- Task requirements -
Your reply must hold the lines from the one containing "Несколько дней подряд" to the end of the entries, copied exactly, with pictures excluded.

____

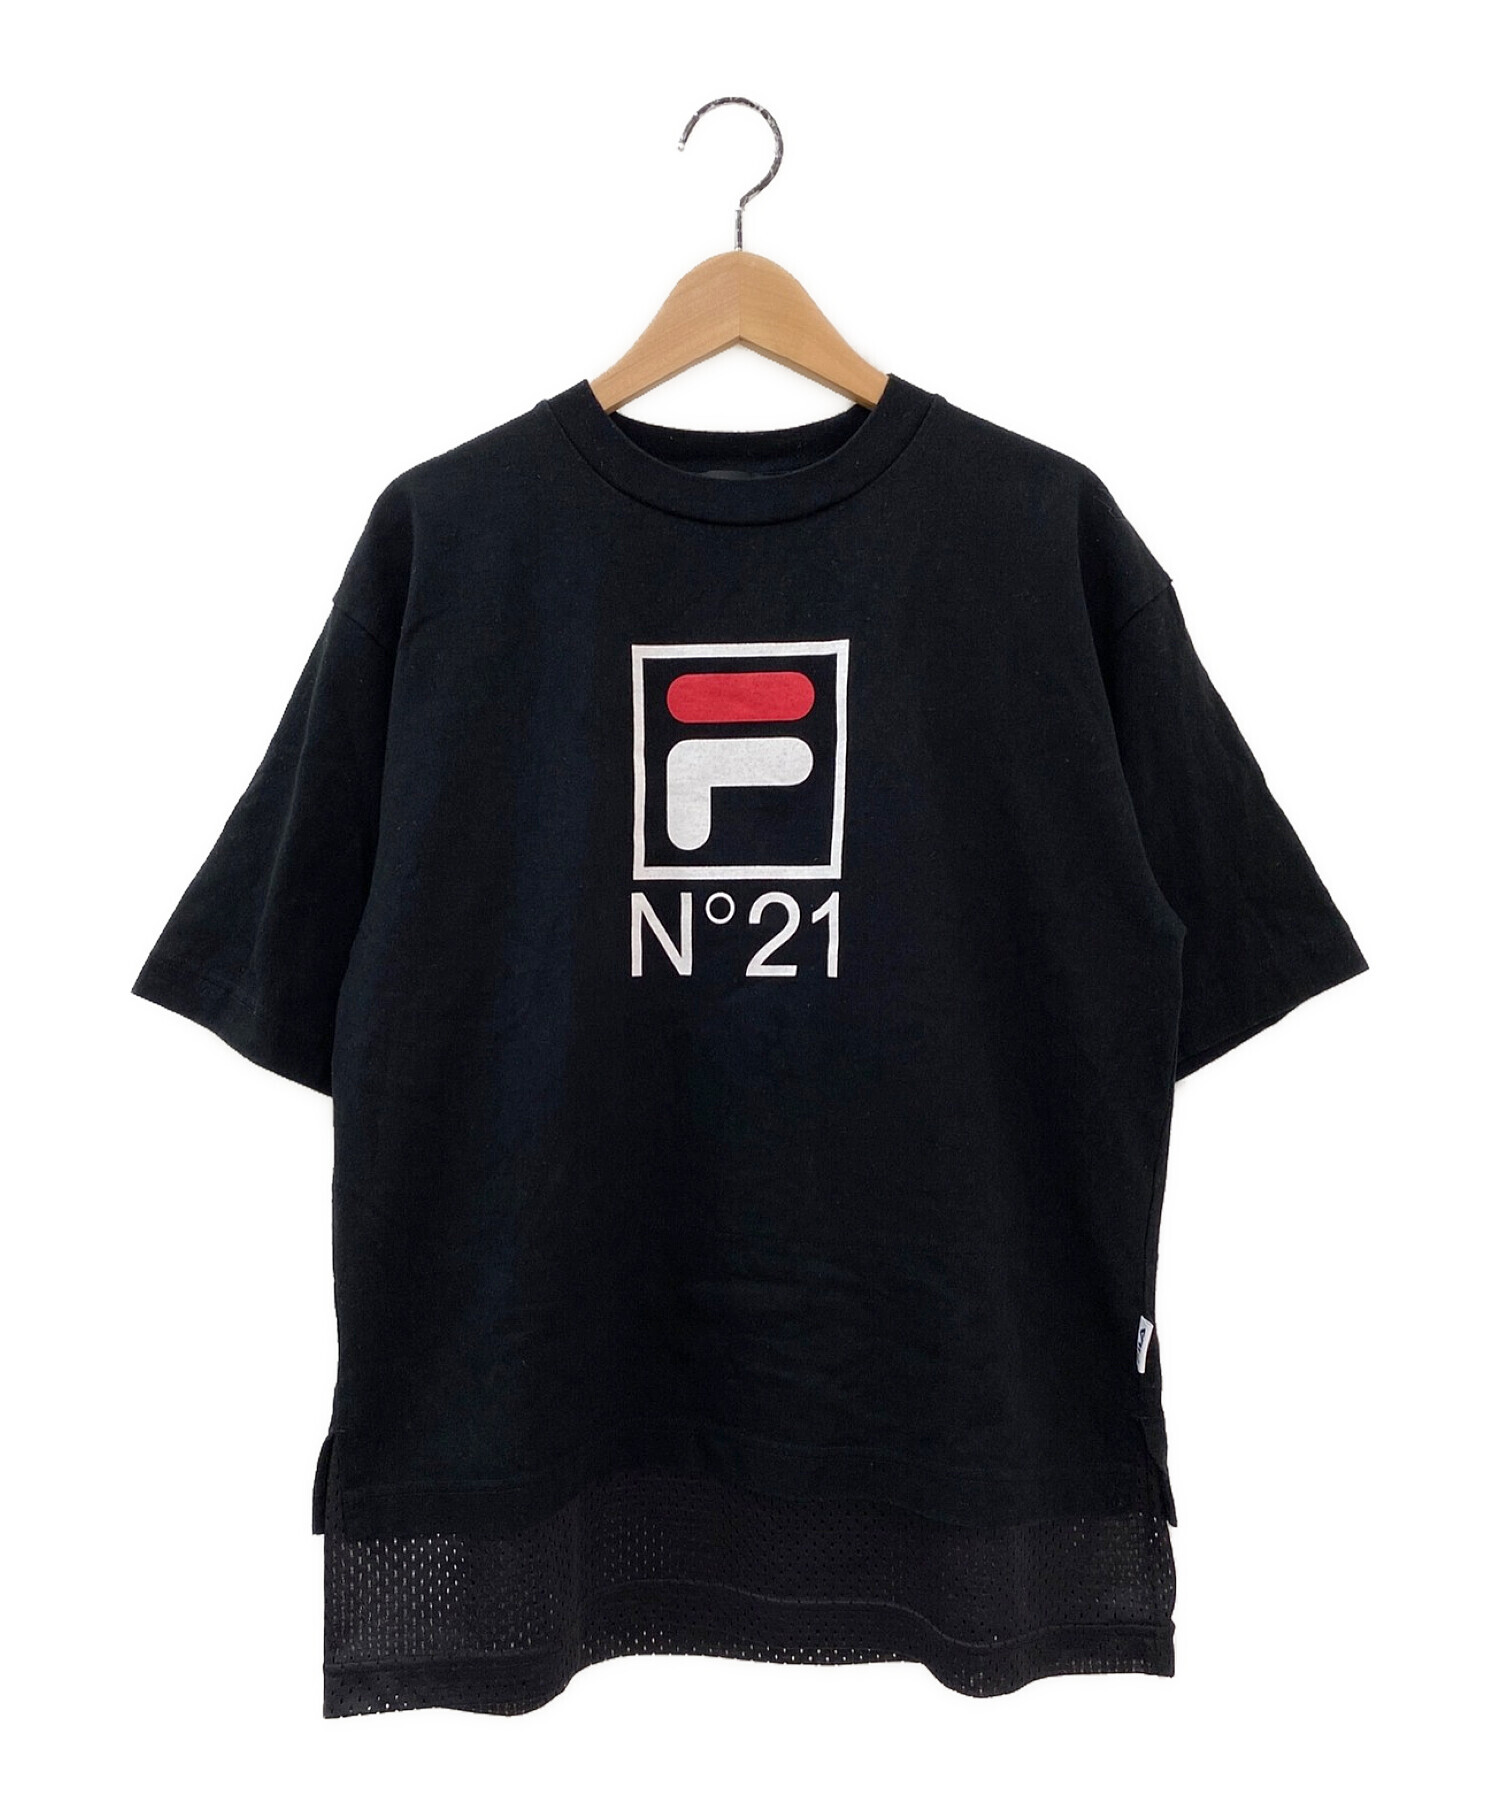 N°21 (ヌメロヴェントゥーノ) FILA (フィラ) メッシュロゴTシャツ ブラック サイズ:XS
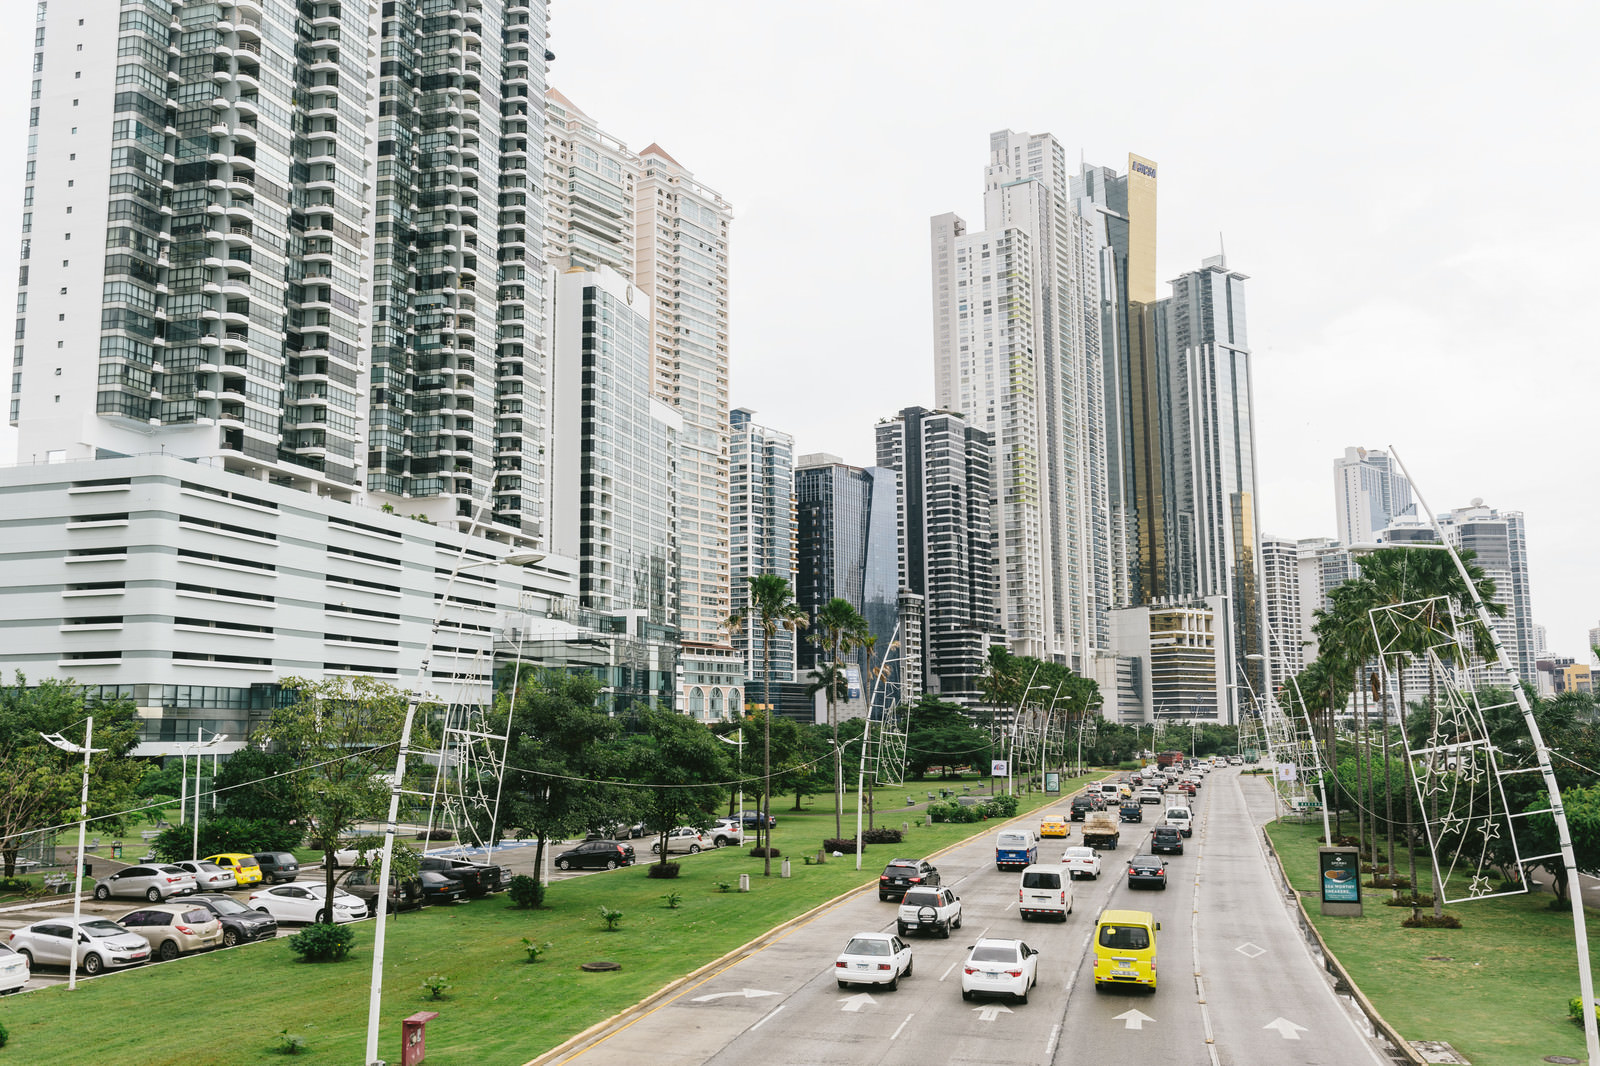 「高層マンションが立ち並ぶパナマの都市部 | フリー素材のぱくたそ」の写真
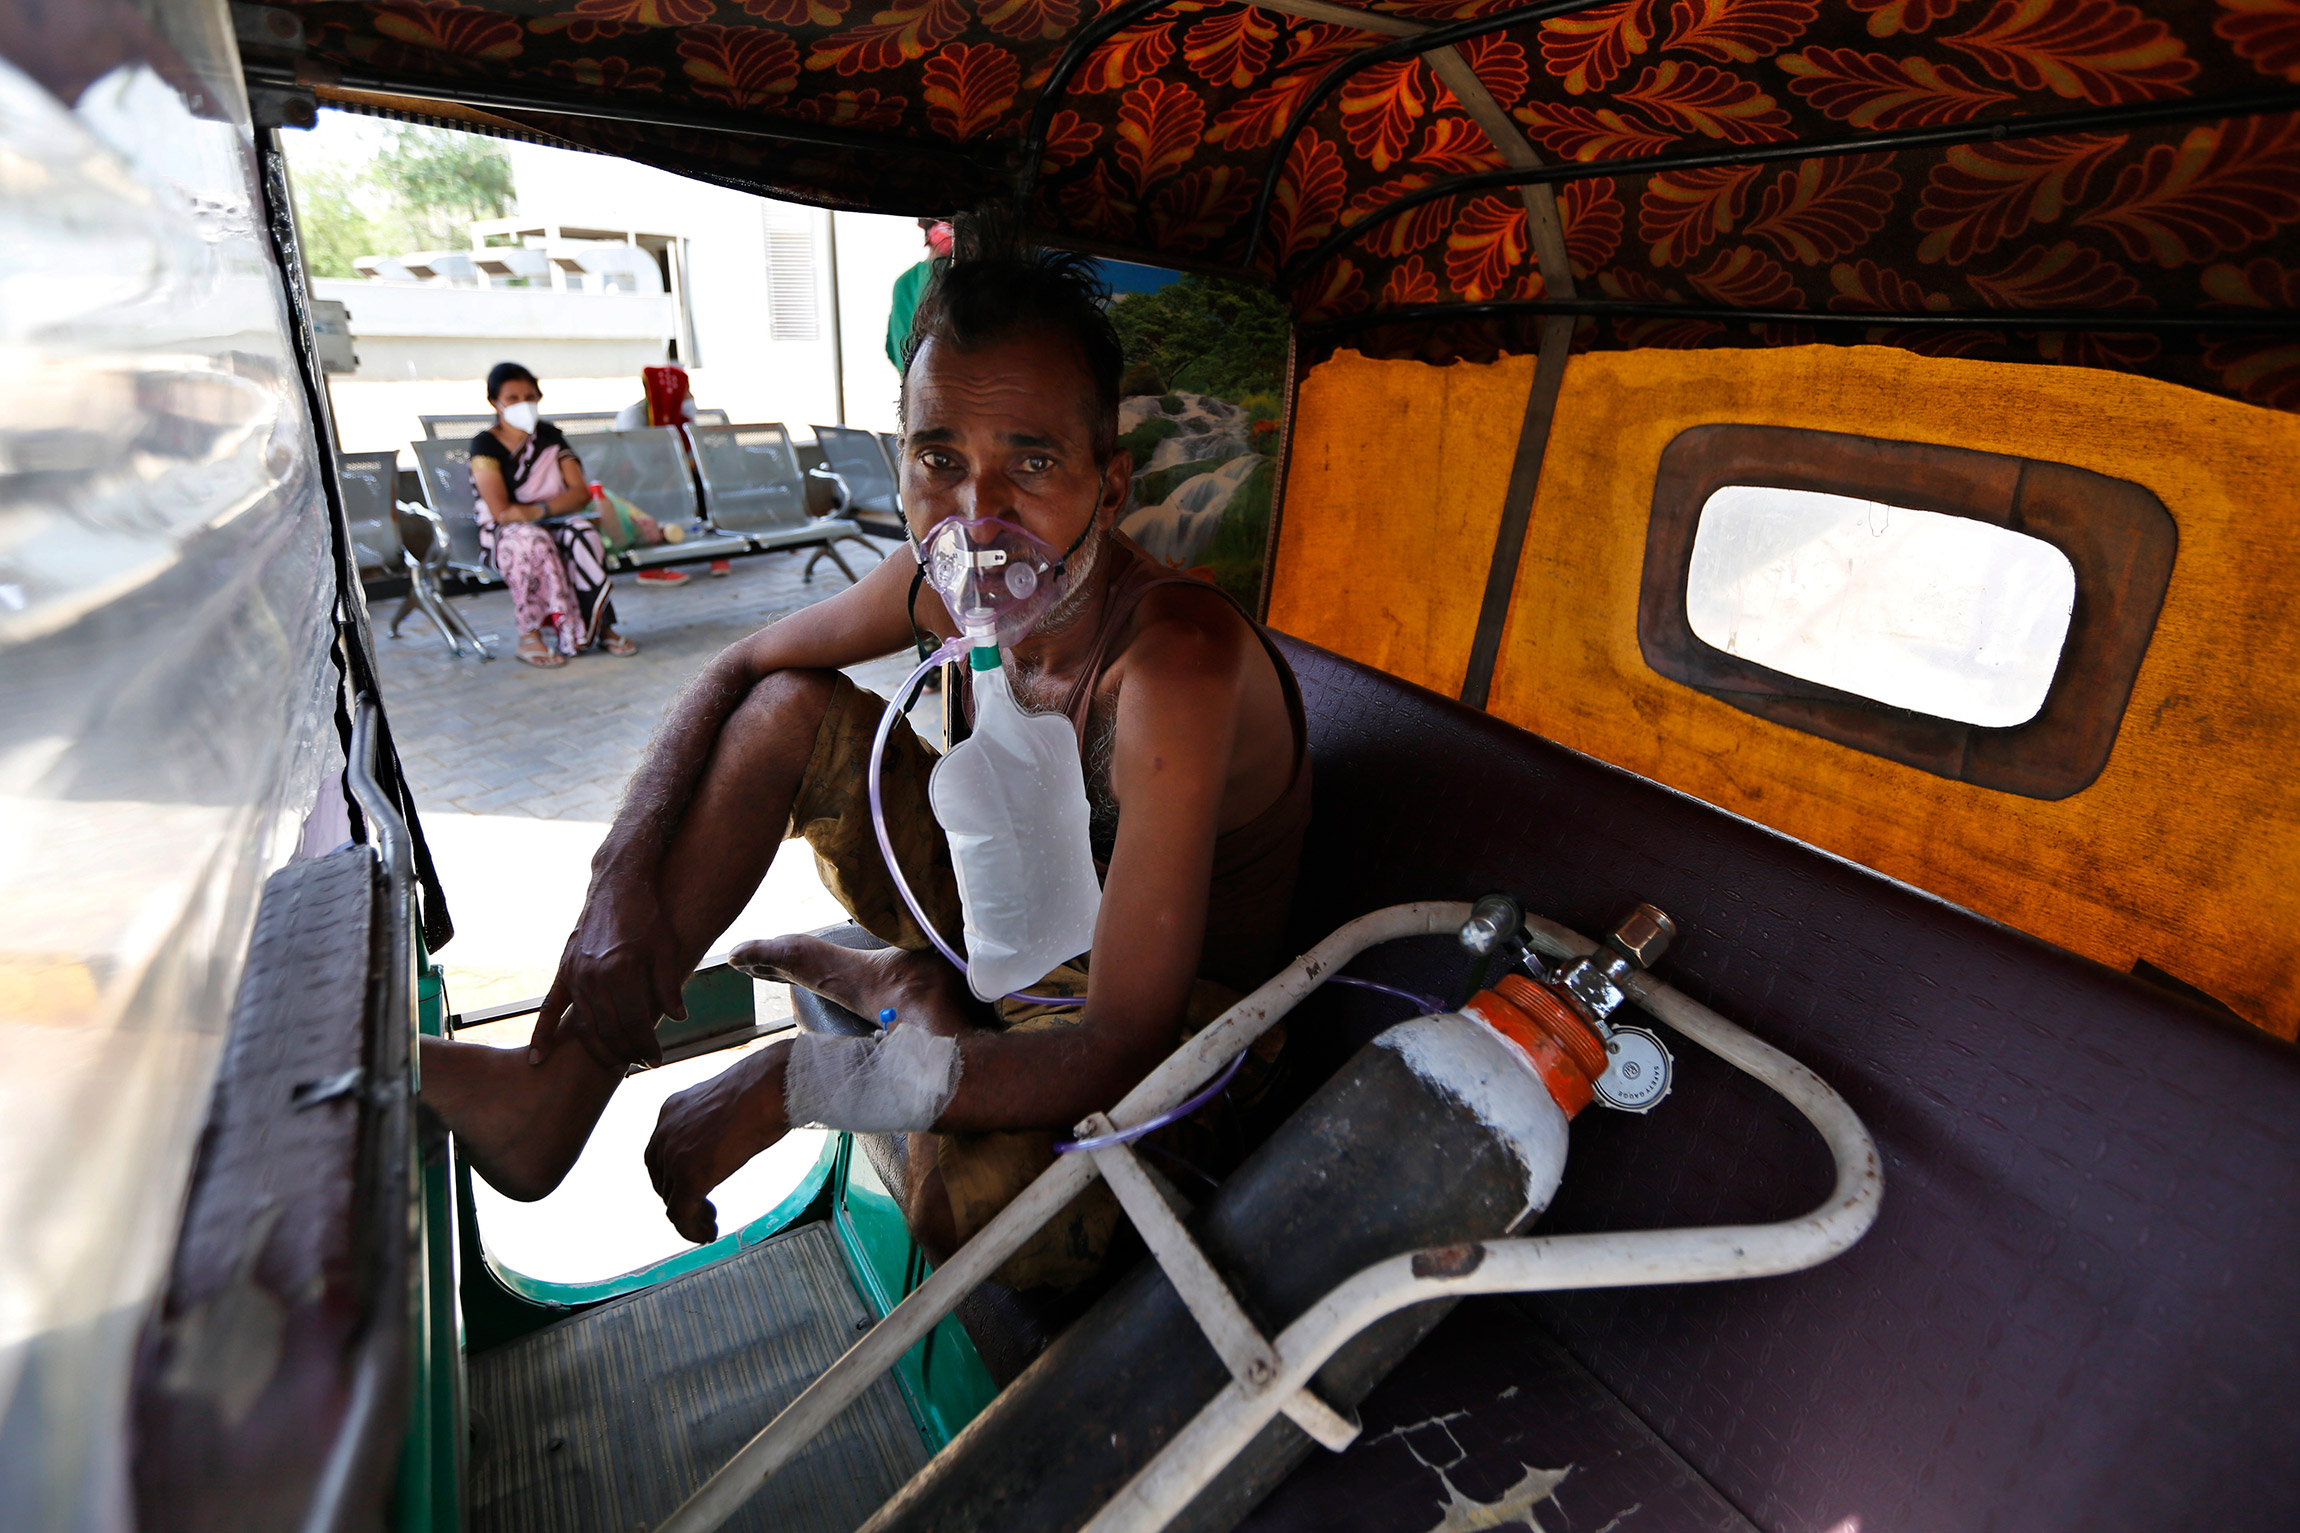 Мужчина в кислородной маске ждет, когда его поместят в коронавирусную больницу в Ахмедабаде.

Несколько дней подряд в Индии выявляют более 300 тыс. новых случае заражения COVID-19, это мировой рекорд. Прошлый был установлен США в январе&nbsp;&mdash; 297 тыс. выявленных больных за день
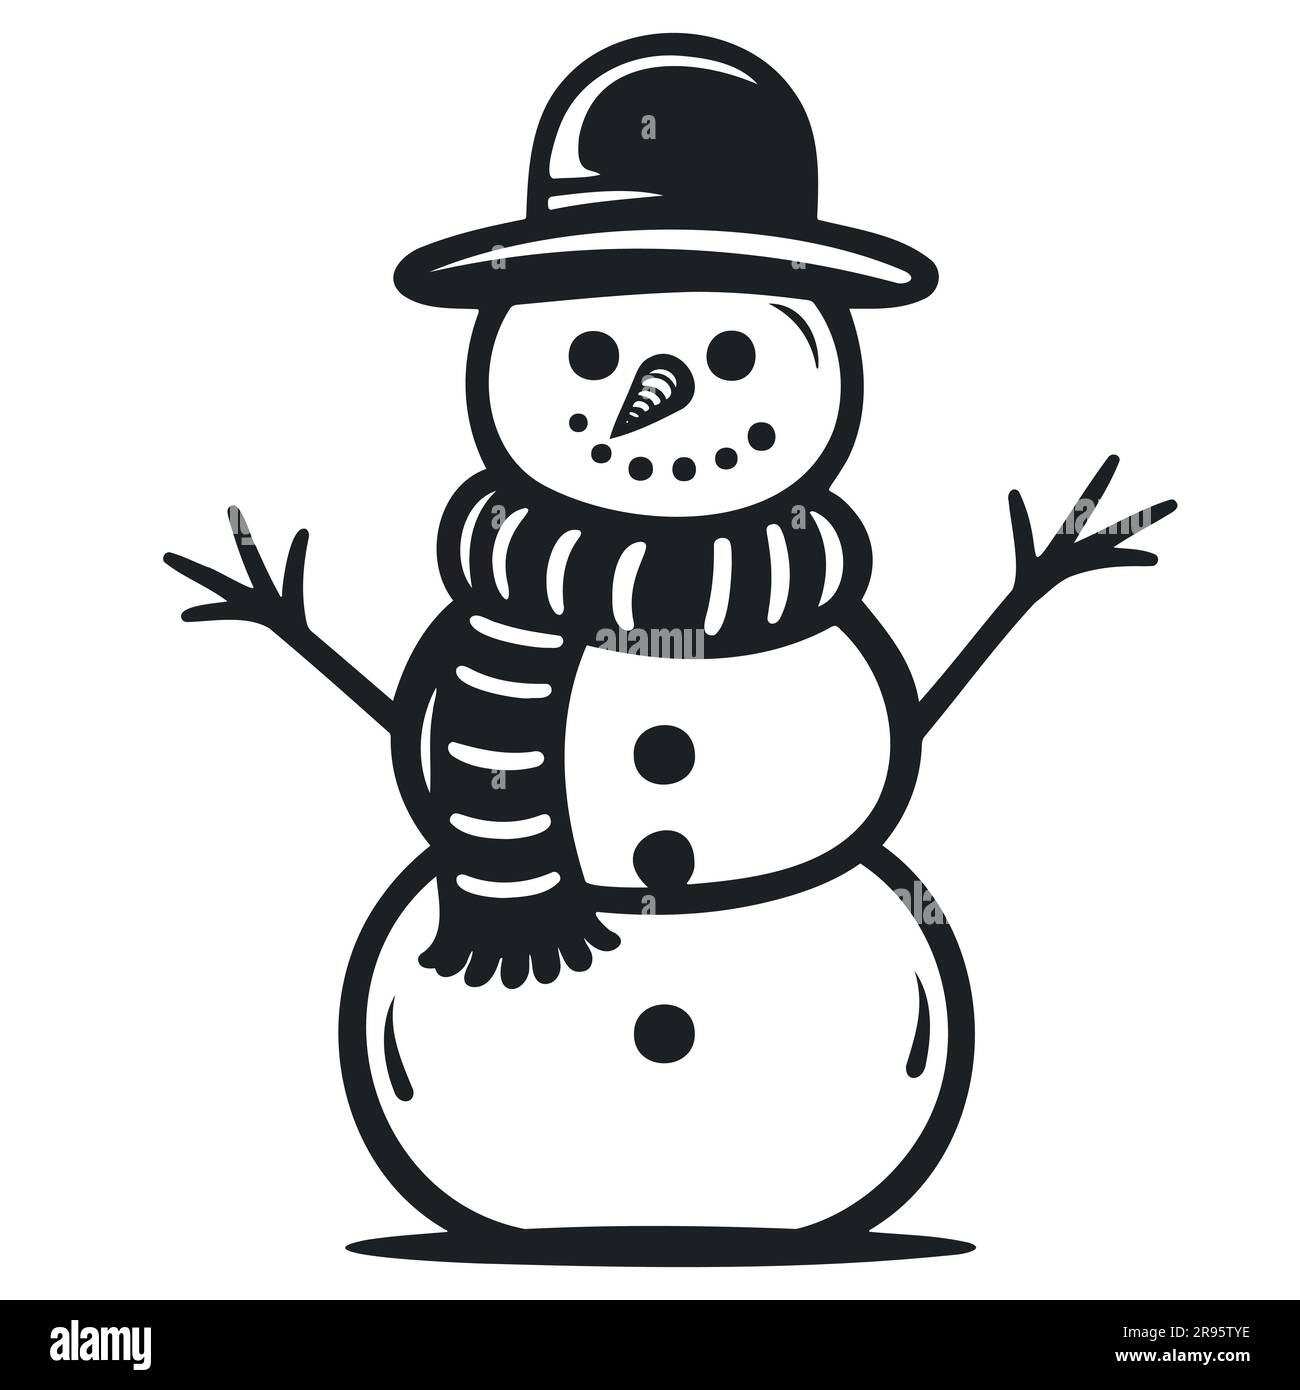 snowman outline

____

- Response area -
Несколько дней подряд в Индии выявляют более 300 тыс. новых случае заражения COVID-19, это мировой рекорд. Прошлый был установлен США в январе&nbsp;&mdash; 297 тыс. выявленных больных за день
 snowman outline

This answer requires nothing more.